At 16, I dreamed of being on a stage in a huge stadium with tens of thousands cheering for every guitar solo I tore through. Today, you couldn’t drag me to a stadium to hear a concert. It’s crowded, noisy, and generally not fun. It’s a “me media” world now and artists have to fight for space on an iPod and not for top billing at a show. There are many who disagree with that, but among the people I know (my tribe if you will) this is exactly the case. When I release a sketch or an album, I’m hoping for a person to listen to a tune all the way through and then toss it into the vast random shuffle of his or her music library to be doled out in the context of playlists or at the mercy of random. On occasion I’ll go to hear a good band or to support someone I know. That’s cool. It’s usually a smaller venue and a good time is had by all. There is a connection that carries the experience. It’s good. It’s fun. But the big Rock-with-a-capital-R shows are a dying breed and will be all but gone in five years’ time.

This isn’t a lament.

Someone mentioned to me the other day that if Back to the Future were made today, Marty would go back in time to 1980. That was a kick in the head.
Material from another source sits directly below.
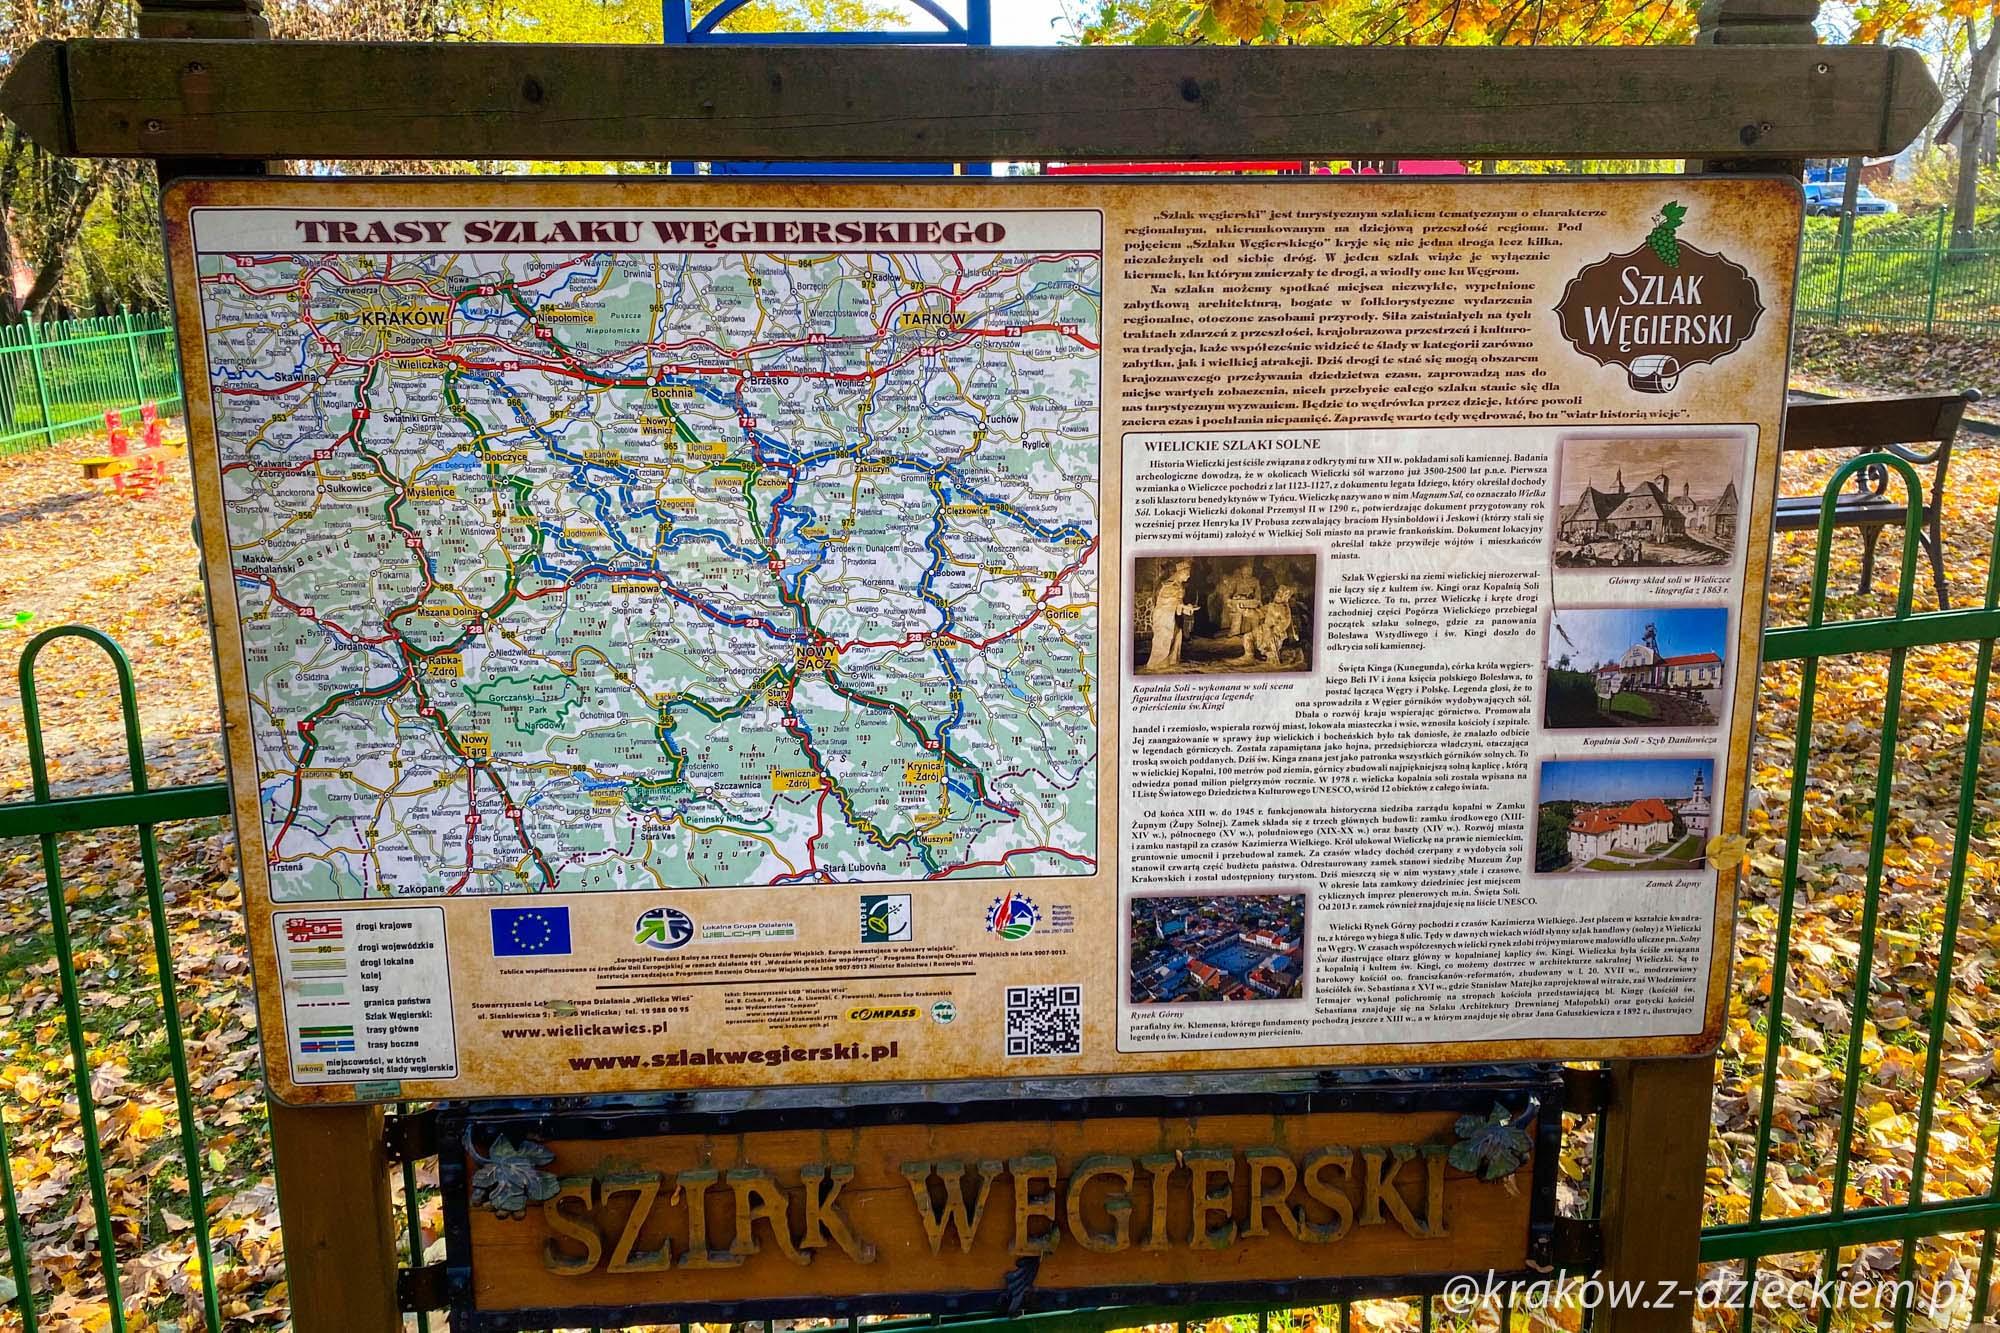 szlak węgierski

In 1980, no one that I knew had even heard of the Internet. Well, my dad did, but he wasn’t talking about it. No browsers. No “social media.” None of that. There were cultural gatekeepers everywhere. Today? It’s all but gone. Get some free web hosting and jump on the site of the minute and you’ll have a platform for your work. And that’s any work. Books, music, paintings, sculpture, crafts, all of it. Of course, that means that everyone gets a smaller and smaller slice of the attention at large. That’s great if you have adjusted your expectation.

There aren’t many seats at the table for bands like U2. Who is the next U2? Will there be another U2? There’s an entire industry hoping that there will still be a table at all, but for msot musicians I don’t think it much matters. If you can be content to have listeners who number in the hundreds, you’re doing very well. Get to the thousand mark and maybe you can make a living with your art. I wish you luck! I’m aiming for it myself in a skewed sort of way. But the big rock and roll dreams are all used up. It was a powerful and wonderful time, but check that verb tense. It’s in the past and that’s OK.